Mark Klett, Around Toroweap Point, just before and after sundown, beginning and ending with views used by J.K. Hillers, over 100 years ago, Grand Canyon, 1986

America's continuing love affair with the camera can be traced through the Smithsonian American Art Museum's collection, which ranges from early daguerreotypes to contemporary digital works. In 1983, the museum began to seriously collect photography. That year, more than 1,800 photographs were transferred to the museum from the National Endowment for the Arts. The collection includes works by Mathew B. Brady, Edward S. Curtis, Timothy H. O'Sullivan, Berenice Abbott, Ansel Adams, Diane Arbus, Tina Barney, Imogen Cunningham, Roy DeCarava, William Christenberry, William Eggleston, Walker Evans, Jan Groover, Alfredo Jaar, Sally Mann, Richard Misrach, Aaron Siskind, and Trevor Paglen. The photography collection also documents America's changing relationship with the landscape, from sublime shots of the West in the 1860s through contemporary images revealing environmental concerns.

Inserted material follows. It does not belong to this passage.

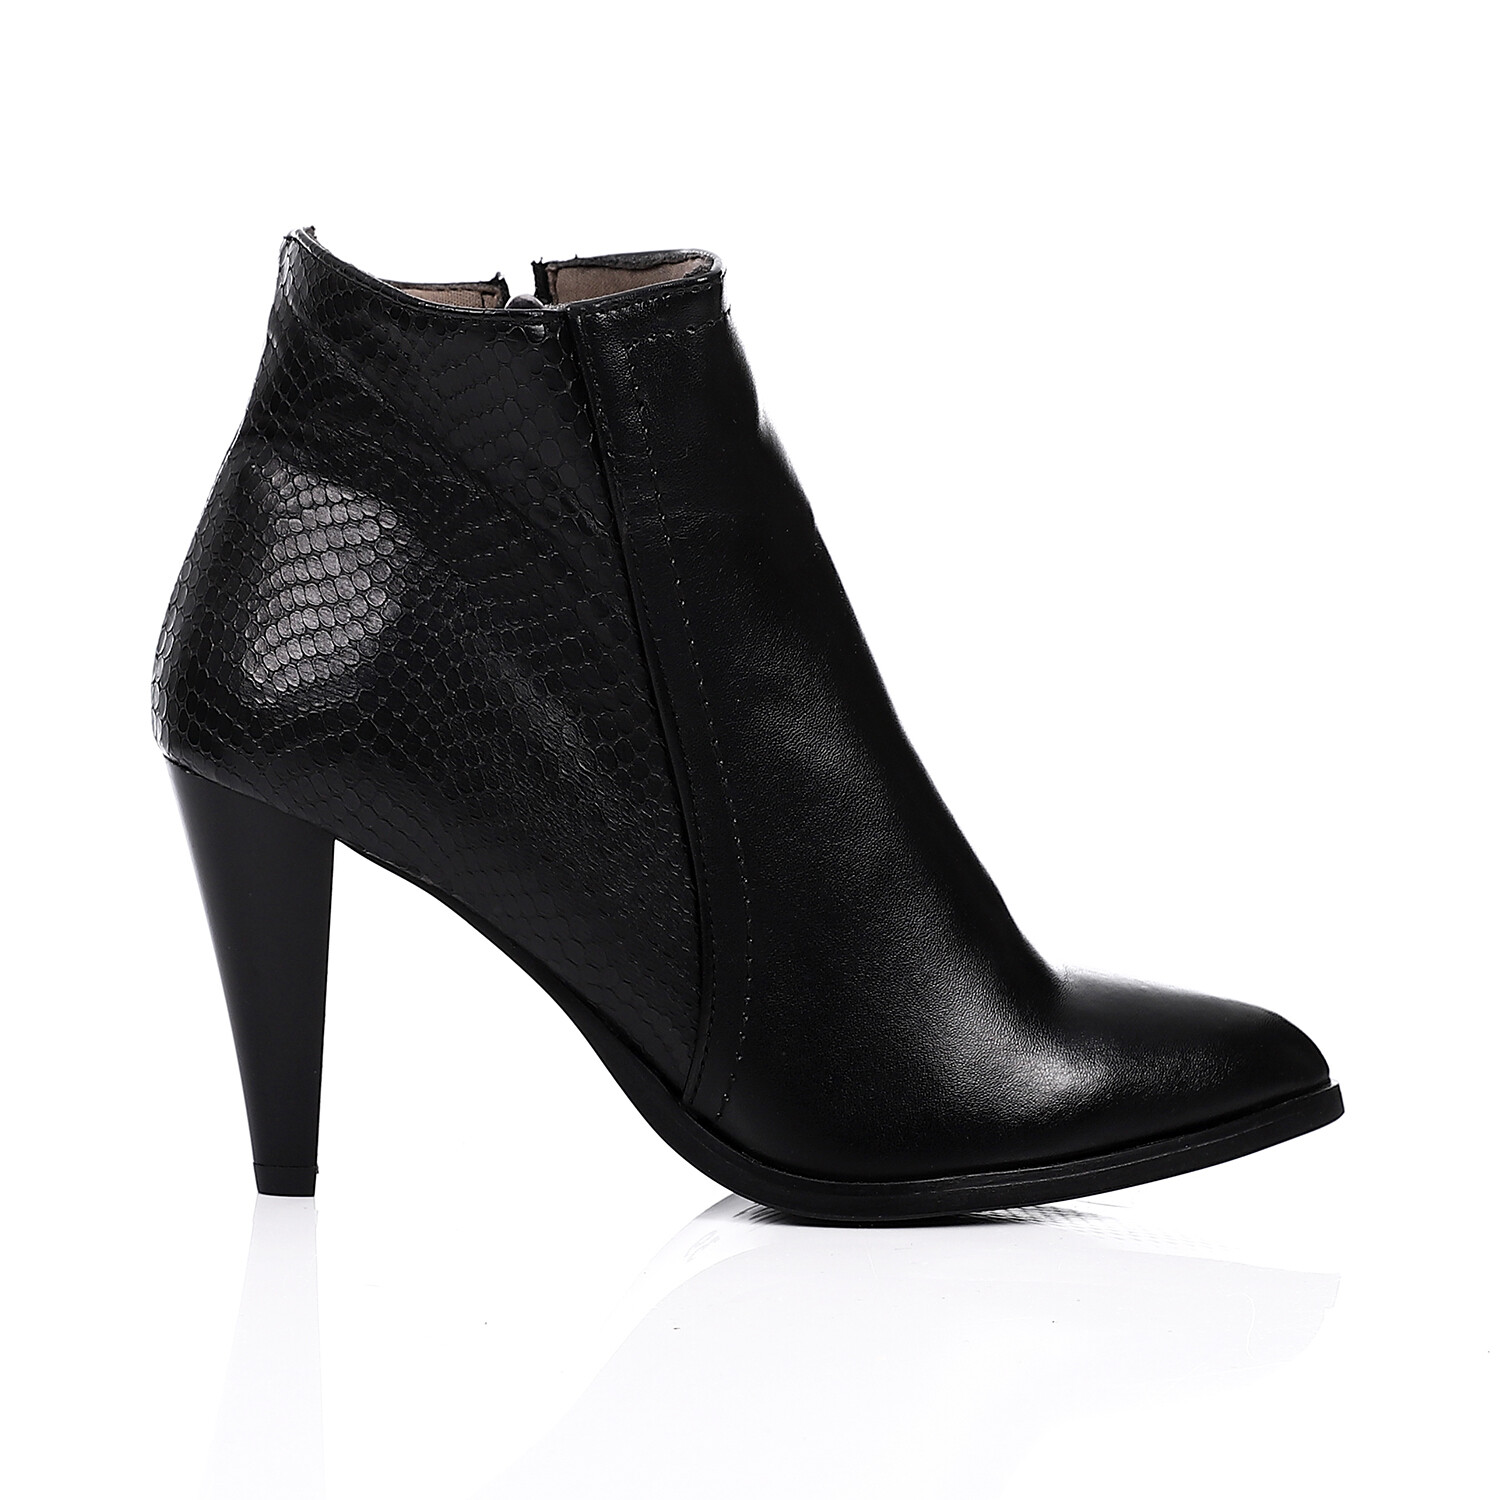 High Heels Simple Ankle Boot - Black 3838

Highlights from this pioneering collection are featured in the 2013 exhibition A Democracy of Images: Photographs from the Smithsonian American Art Museum. Recent major acquisitions include more than 1,000 photographs from Lee Friedlander's The American Monument series, and gifts of 100 photographs by Irving Penn, and seventy-eight photographs by Annie Leibovitz from her series Pilgrimage.